The data used is the occurence dataset, from the Global Biodiversity Information Facility (GBIF), an international network and data infrastructure which provides open access to data about all types of life on Earth. More precisely, the dataset we’ll work on was obtained by observation.org.

You can interact with the application here!

Exploring the App

To display what kind of information we can obtain from this dataset, I’ve organized the dashboard into four key sections: Context, Timeline, Information, and Map. This structure allows you to explore the dataset from a broad perspective while also enabling a deeper investigation into occurrences of specific species.

There are two display modes: the default view, that shows data for all occurrences simultaneously; and the species-filtered view, that adjusts the app’s visualizations based on the selected species. The species can be filtered either by scientific or vernacular name, using the search bar. Besides that, there’s also a filter by time period (in years), with the default range spanning from 1976 to 2024, but it can be adjusted up to a single year, which updates the entire dashboard accordingly.

  • The context card: Displays an introductory text along with control selectors.

  • Timeline card: At the bottom, a timeline is displayed to show how many observations occurred with the filter configurations.
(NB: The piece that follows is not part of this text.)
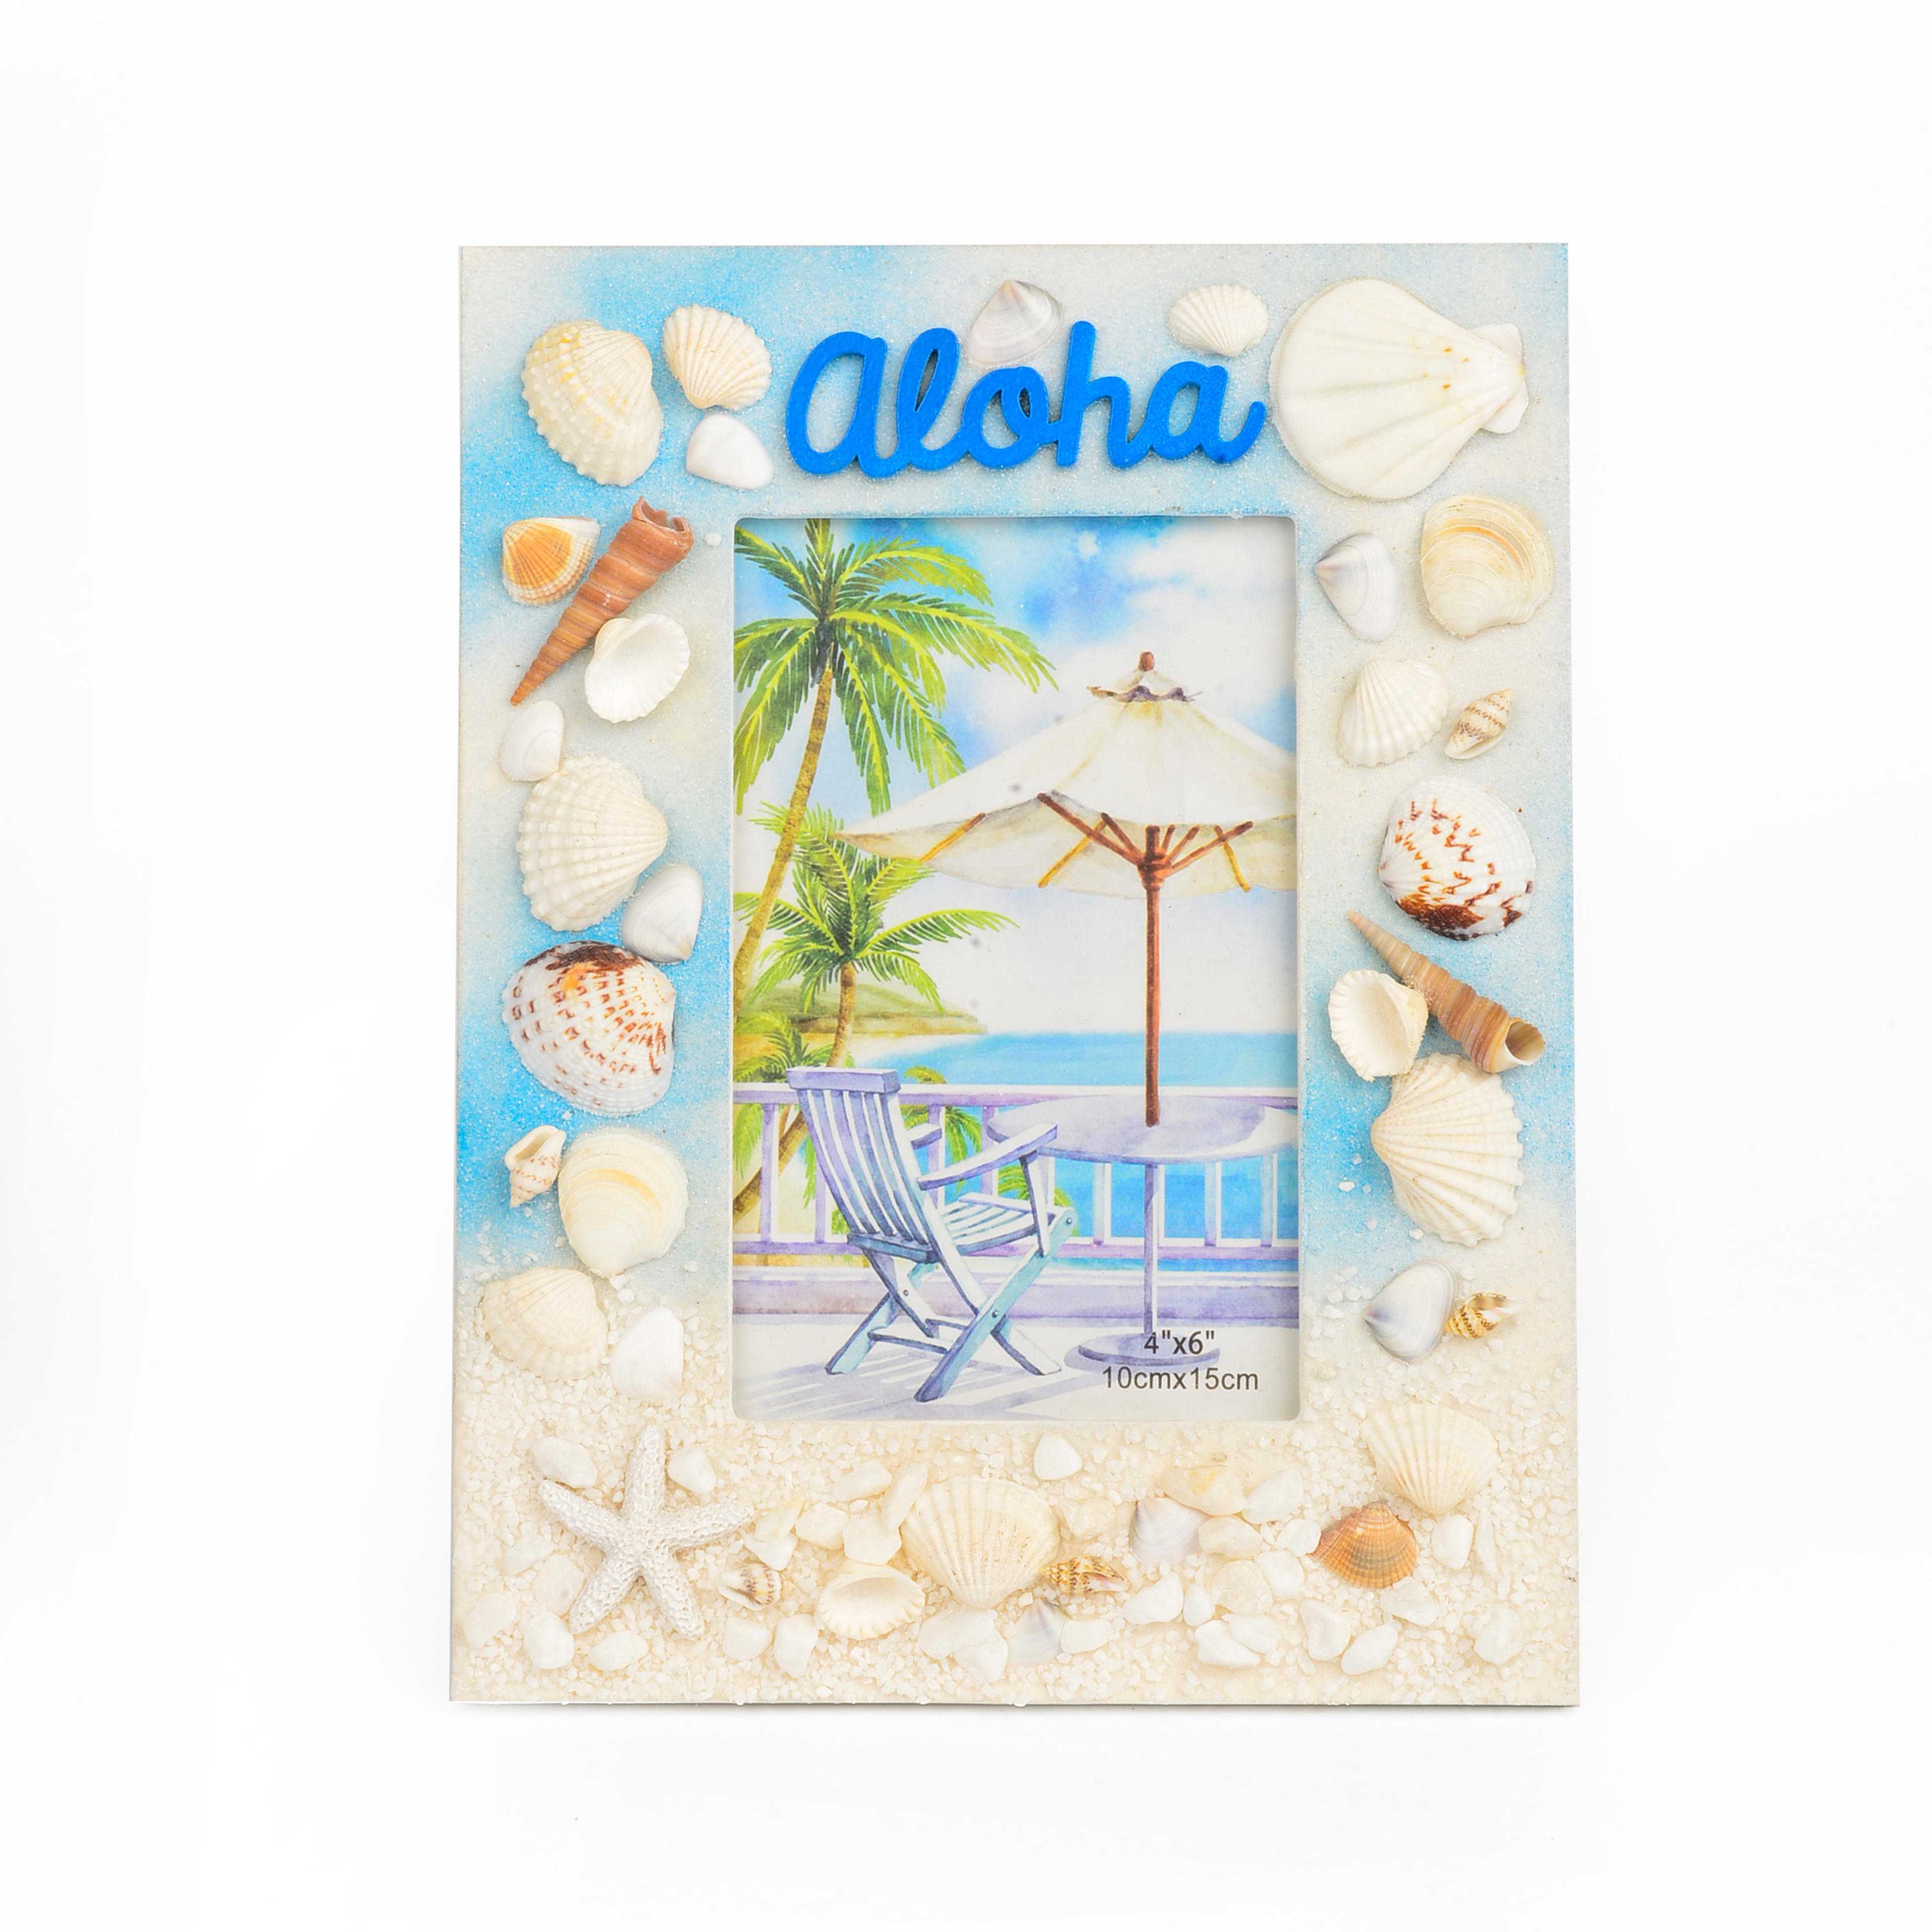 丽飞海洋系列旅游创意工艺品海滩贝壳海螺珊瑚工艺相框0004

There is a toolbox on the top to interchange between bar (default) and line plots, zoom in and zoom out.

  • The information cards: This part contains three cards. The first one shows an image. If a species is selected and there is a photo of it, the default image will be replaced by this photo. The second card shows general statistics about the observations: how many have occurred, and the most observed life stage, sex and locality for the species and period selected. Lastly, a ranking of the five most observed species during selected period will appear by default. If a particular species is selected, the card will swap to display all scientific information about it and a distribution box-plot of all yearly individual counts.

  • The map: This card shows cluster points of the observations occurred in each part of Japan during the selected period, for the selected species (and all of them, if that is the case). It can be zoomed in, and when a single observation is located, a pop-up appears by clicking, showing all the info of that particular observation and a picture of the species.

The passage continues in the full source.